Segmentation fault when DataLoader processes are launched after compiling Triton kernels

I am working on a project that involves restructuring a network over different phases of training. Key aspects of this involves calls to custom Triton code, which is compiled and autotuned on the fly as the different phases of training are reached. Occasionally and without clear pattern, this would result in a segmentation fault through a DataLoader when Triton code is compiled, either immediately or when attempting to load the next batch.

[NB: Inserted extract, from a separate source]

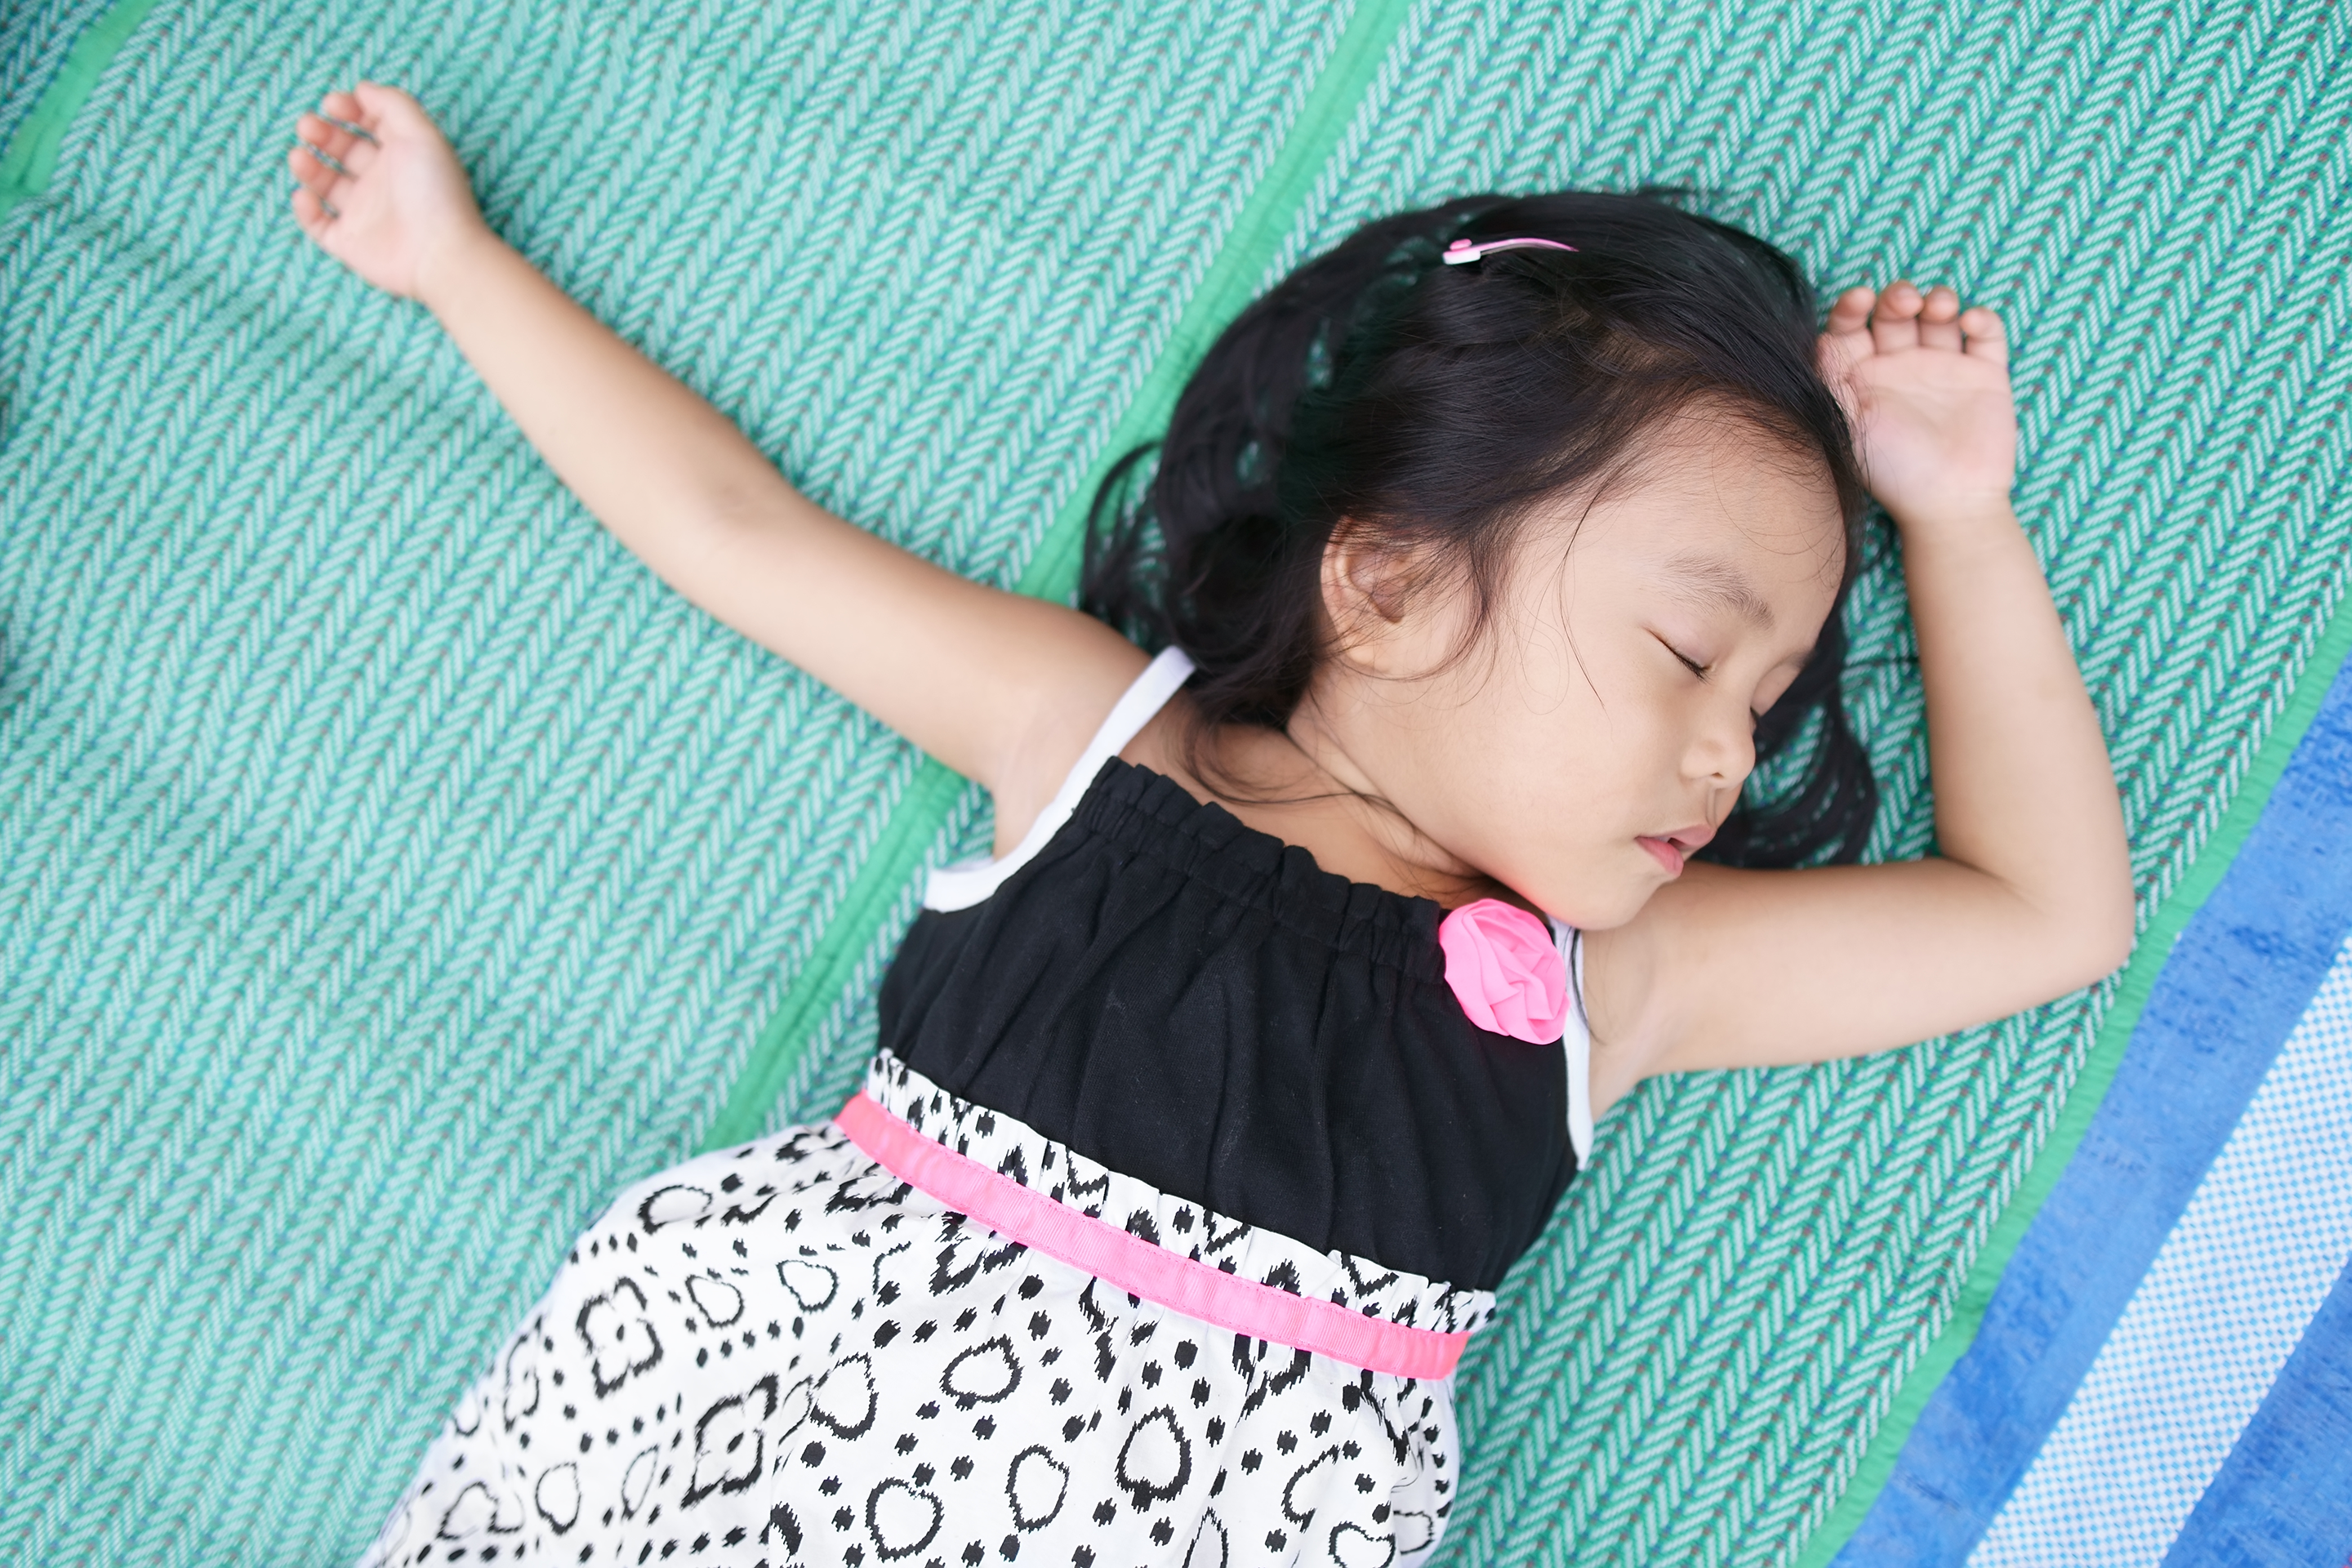 Naptime may bolster early literacy skills among preschoolers

I eventually narrowed it down to something very simple. It only seems to depend on compiling Triton code while DataLoaders are used with multiprocessing, and without persistance. Below is code that reproduces the issue consistently. If enable_multiprocessing=True and enable_persistance=False and enable_triton=True, the program crashes when attempting to query the DataLoaders on the second epoch. If enable_multiprocessing=False or enable_persistance=True or enable_triton=False, the program does not crash.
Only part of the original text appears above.